**Exercise objective:**
In the data that follows, every line containing the word "alta" should be returned.

**Supplied material:**
┏━━

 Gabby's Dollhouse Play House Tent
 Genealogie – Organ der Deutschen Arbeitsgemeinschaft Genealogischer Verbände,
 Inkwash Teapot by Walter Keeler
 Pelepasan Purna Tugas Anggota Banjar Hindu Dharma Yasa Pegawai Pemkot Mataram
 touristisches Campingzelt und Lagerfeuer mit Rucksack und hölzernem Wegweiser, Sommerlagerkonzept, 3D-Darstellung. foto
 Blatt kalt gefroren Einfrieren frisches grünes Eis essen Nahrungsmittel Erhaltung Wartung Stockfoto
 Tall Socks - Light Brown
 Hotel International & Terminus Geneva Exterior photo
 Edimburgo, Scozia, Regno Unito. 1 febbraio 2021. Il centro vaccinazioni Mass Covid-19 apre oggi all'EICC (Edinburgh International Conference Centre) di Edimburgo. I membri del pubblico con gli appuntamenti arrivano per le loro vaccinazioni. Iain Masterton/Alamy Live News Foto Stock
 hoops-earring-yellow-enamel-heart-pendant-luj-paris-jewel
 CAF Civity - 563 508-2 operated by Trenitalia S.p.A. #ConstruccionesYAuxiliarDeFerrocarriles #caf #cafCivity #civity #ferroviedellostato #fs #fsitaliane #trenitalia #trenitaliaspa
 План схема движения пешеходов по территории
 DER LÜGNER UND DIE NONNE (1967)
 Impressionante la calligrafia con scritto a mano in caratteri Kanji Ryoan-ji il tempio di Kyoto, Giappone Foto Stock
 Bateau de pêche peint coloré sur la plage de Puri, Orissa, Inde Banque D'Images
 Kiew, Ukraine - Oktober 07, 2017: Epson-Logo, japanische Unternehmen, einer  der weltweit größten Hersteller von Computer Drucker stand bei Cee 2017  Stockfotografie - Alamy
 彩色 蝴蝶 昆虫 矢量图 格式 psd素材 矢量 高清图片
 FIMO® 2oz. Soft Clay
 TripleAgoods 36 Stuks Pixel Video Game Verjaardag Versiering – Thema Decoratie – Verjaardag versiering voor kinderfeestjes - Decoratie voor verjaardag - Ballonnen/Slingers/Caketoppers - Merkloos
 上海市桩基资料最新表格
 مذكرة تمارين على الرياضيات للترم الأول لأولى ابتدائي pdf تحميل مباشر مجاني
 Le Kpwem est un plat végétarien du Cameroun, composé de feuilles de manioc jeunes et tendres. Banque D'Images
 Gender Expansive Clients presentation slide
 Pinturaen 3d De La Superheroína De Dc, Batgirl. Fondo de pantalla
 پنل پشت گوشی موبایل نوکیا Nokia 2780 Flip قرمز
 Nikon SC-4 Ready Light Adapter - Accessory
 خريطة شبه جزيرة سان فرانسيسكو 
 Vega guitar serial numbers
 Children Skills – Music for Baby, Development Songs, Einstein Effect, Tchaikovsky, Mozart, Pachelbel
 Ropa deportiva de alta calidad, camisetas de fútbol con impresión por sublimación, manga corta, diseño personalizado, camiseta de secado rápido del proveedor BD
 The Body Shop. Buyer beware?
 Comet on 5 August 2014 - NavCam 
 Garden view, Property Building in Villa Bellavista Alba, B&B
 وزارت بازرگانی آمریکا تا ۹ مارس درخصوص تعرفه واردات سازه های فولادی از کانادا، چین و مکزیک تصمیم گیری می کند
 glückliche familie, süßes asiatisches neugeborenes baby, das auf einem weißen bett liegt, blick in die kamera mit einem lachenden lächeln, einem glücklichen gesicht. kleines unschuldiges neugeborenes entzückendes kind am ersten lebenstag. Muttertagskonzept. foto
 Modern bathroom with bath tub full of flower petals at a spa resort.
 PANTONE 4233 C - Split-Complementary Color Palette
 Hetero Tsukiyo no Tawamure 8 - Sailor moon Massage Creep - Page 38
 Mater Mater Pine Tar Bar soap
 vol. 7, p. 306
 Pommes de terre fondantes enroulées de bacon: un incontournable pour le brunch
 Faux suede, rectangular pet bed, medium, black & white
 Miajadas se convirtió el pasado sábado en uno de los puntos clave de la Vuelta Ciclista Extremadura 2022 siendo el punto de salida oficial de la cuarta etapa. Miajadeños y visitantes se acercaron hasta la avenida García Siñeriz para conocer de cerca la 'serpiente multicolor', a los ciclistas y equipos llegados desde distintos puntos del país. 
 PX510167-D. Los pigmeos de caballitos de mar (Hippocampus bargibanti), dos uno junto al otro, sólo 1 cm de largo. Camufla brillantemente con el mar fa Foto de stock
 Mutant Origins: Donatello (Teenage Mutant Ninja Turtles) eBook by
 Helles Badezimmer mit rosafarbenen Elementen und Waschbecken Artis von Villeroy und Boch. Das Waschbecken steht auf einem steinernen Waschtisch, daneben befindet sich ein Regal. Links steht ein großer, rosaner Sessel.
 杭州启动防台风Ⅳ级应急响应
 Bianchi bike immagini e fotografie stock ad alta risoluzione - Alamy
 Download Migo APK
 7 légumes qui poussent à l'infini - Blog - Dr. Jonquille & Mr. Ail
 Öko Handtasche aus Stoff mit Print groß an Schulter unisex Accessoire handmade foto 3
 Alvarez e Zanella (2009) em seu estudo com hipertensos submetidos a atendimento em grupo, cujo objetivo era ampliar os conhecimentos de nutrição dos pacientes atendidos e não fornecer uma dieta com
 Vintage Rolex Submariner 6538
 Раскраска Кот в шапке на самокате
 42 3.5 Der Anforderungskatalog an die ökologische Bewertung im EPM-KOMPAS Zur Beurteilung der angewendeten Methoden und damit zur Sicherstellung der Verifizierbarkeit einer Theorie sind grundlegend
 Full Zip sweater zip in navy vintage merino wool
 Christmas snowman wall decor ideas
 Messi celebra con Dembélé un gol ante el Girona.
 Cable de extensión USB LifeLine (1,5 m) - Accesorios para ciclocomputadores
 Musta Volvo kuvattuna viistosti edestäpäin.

┗━━

**Output of the exercise:**
 Ropa deportiva de alta calidad, camisetas de fútbol con impresión por sublimación, manga corta, diseño personalizado, camiseta de secado rápido del proveedor BD
 Bianchi bike immagini e fotografie stock ad alta risoluzione - Alamy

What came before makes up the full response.